“The Project Team were really responsive and did exactly what we asked them to do, and we are very pleased that not only do we have a tool that we can now use ourselves, we also have a number of people who have been trained to use it.”
NHS England’s national team developed a “Channel Shift” tool that looks at modelling the combined effect of diverse urgent and emergency care (UEC) interventions at a system level. To support use of the tool at a local level, NHS England commissioned SCW – working in partnership with Catalyze Consulting and Jeanes Consulting – to work with the Cornwall health and care system.
All areas of England are being required to implement new Urgent Treatment Centres (UTCs) during 2018/19. Cornwall therefore needed to develop the economic case about how many UTCs they should have and where they should be located. Another major challenge for the Cornwall health and care system is the high number of Delayed Transfers of Care (DToC) from their acute hospital; system leaders therefore wanted to understand to what extent can the introduction of Integrated Community Teams (ICTs) help to reduce these delays.
The final challenge faced was the system’s limited ability to share data, interpret data and model the data to project forward for strategic planning purposes.
By developing a set of guiding questions for the analysis, through a co-productive project team approach, we were able to coach the client organisations (CCG, STP, NHS England, acute Trust, community Trust, and local AHSN) to a point where data was able to be safely and appropriately shared.
We used this information to help support Cornwall colleagues to determine which priority interventions they wanted to investigate and develop further – this helped them to decide to focus on UTCs and ICTs.

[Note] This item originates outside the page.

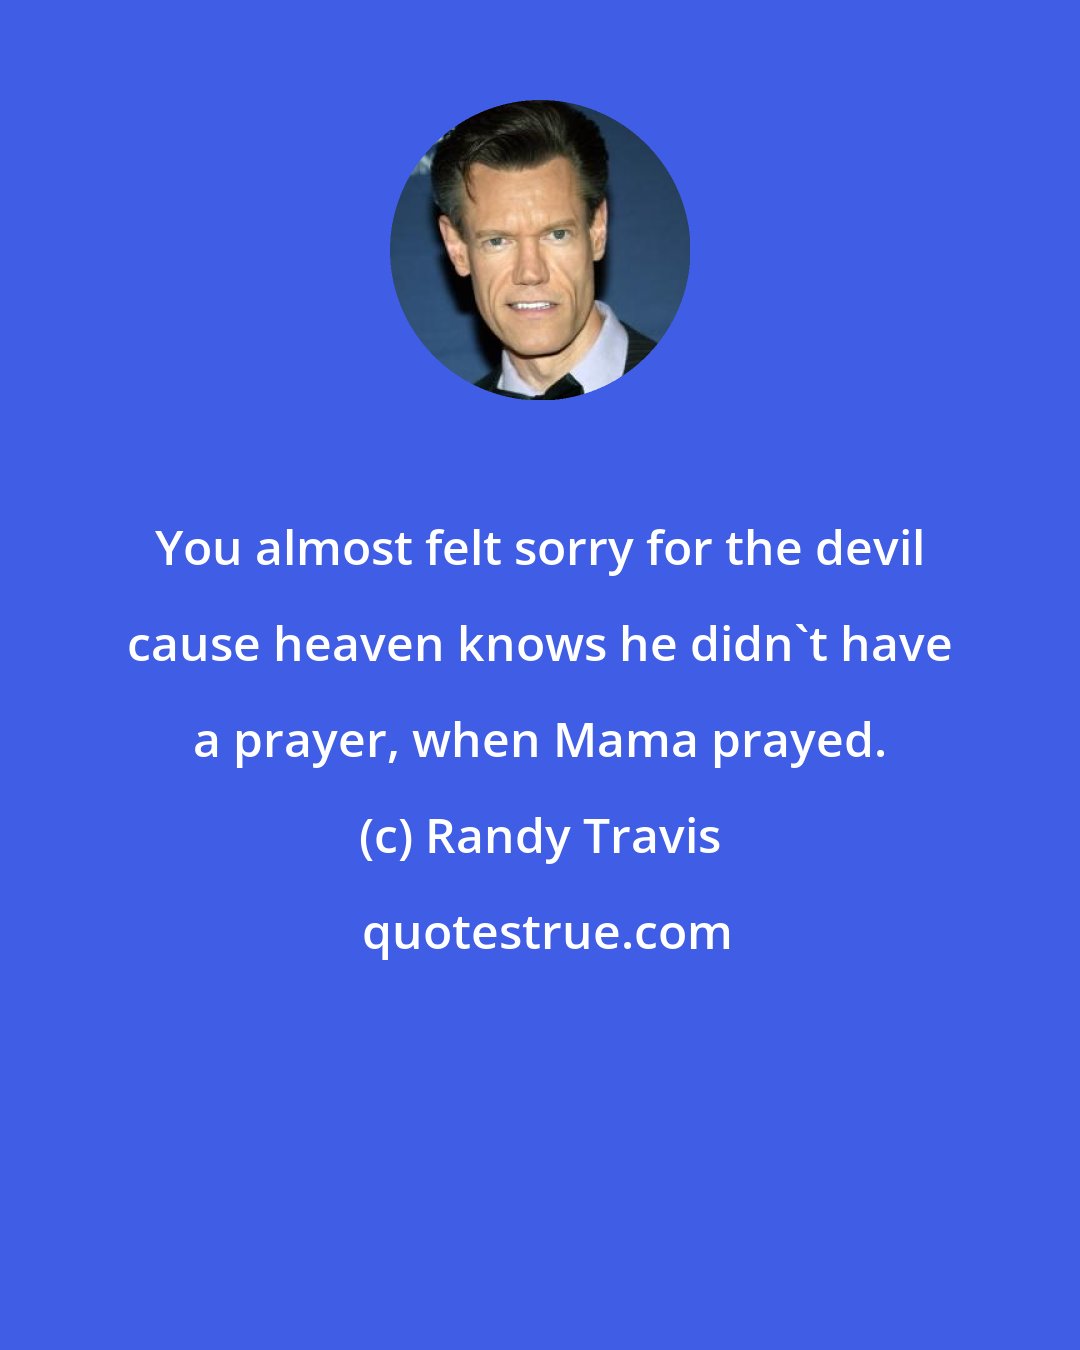 Randy Travis: You almost felt sorry for the devil cause heaven knows he didn't have a prayer, when Mama prayed.

We built a bespoke and innovative ‘UTC Selector’ Tool that can be used flexibly to explore the impact on Emergency Department activity as a result of choosing any particular configuration of potential new UTCs; this brought into sharp relief the trade-off between equity of access, clinical utilisation, and operating cost.
We also explored what capacity and skill-mix would be required for an ICT to achieve maximum impact on reducing DToCs. We raised questions on how best to work across organisations, suggesting system-wide Key Performance Indicators that would encourage new organisational behaviour (e.g. ICTs should be held accountable through new KPIs outside their current remit and empowered to affect the patient journey across organisations).Finally, we trained a team of local business intelligence and finance experts in how to use the model beyond the end of the project period so they could effectively use it routinely in future to understand the impact on a wider range of UEC interventions.
We provided insight into how to optimise the system to best meet the demands of the patient population, avoiding unnecessary duplication
We provided practical advice on how to reduce the number of DToCs, ensuring patients are not spending than need be in hospital
We highlighted the system’s need to become more amenable to sharing the financial data across organisations, and seeing the benefits in doing so
Through the ICT work, we identified the potential to release up to 46 beds in the local acute Trust
We demonstrated how the channel shift tool is designed for application in any UEC system, as is the new UTC Selector Model that is now available for use.